Every plod of Sweetie’s hoofs on the road home reminded Meredith of the man who was missing. It wasn’t Shane who sat silent in the seat in front of her, guiding the horse home. It wasn’t Shane who drew to a halt in front of the house and held out his hand to help her down. The shadowed depths of the barn did not hide him from her sight. She could not listen for the pad of his step on the walkway or hope for a glimpse of him through the windows as she went about her afternoon. Not even the envelope she clutched in her hand could drag her thoughts from what she had lost.
He was false, she reminded herself. He was not what he’d seemed. But none of that could diminish her grief.
“I’m gonna see if Cook has any cookies to spare.” Minnie dropped her things with a plop on the entry table. “Want some?”
“Not today, cutie.” She pushed the dark feelings down and set her things by the front door. “You go on.”
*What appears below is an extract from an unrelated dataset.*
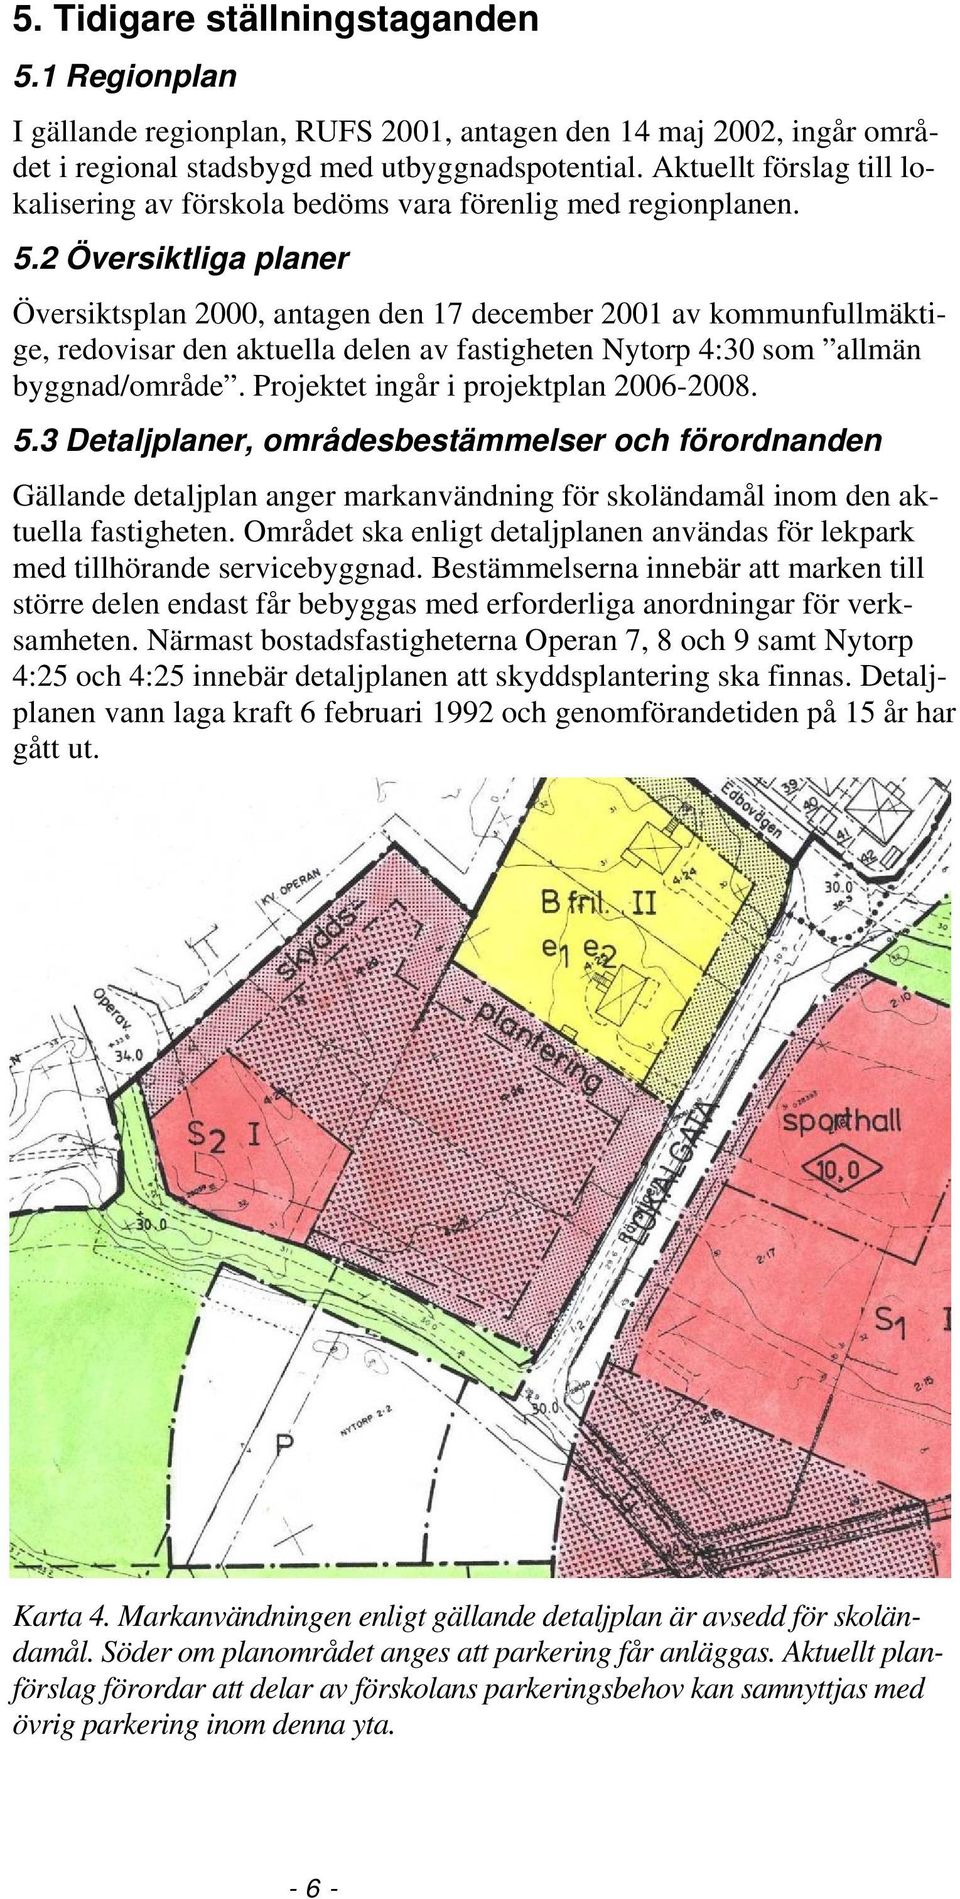 2 Översiktliga planer Översiktsplan 2000, antagen den 17 december 2001 av kommunfullmäktige, redovisar den aktuella delen av fastigheten Nytorp 4:30 som allmän byggnad/område.

“Molasses cookies are my new favorite.” Minnie bounced away, skirts flouncing, china knickknacks tinkling on their glass shelves as she skipped by.
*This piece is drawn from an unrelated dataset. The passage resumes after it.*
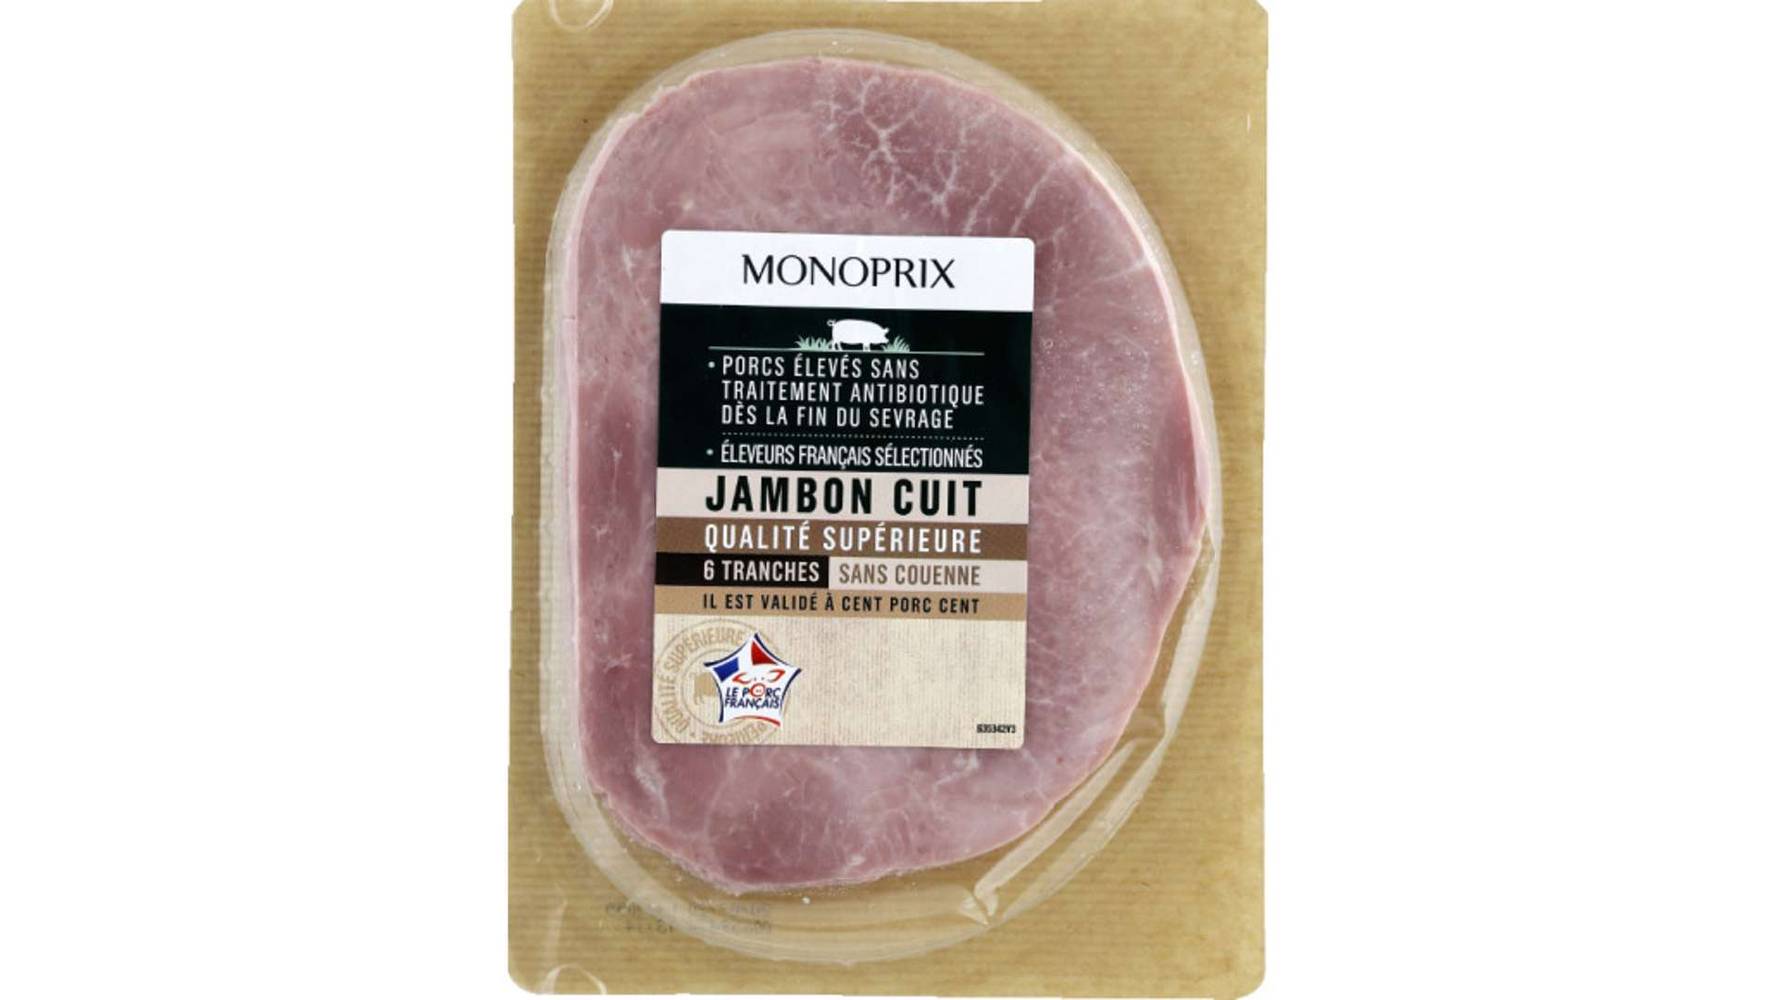 Monoprix Jambon cuit qualité supérieure sans couenne Les 6 tranches - 240 g

“Wilhelmina!” Mama’s voice traveled through the reaches of the house. “How many times do I have to tell you? A lady does not run around like a herd of stampeding cattle.”
“I’m not running.” Minnie bounded through the dining room and out of sight. “I’m skipping.”
Poor Mama, working so hard to make ladies out of them, but it was an uphill battle. Meredith eyed the path to the kitchen, where sanctuary awaited her along with a cup of milk and a plate of cookies, but she was a young woman and nearly a high-school graduate. She would behave as one. Clutching her contract, she went in search of her mother.
“Meredith, do come in.” In the sun-filled library, Mama looked up from the pages of her book. “The ladies of the club chose Mark Twain for our next meeting, but he’s entirely too outrageous. Hardly proper at all. I don’t know what the world is coming to.”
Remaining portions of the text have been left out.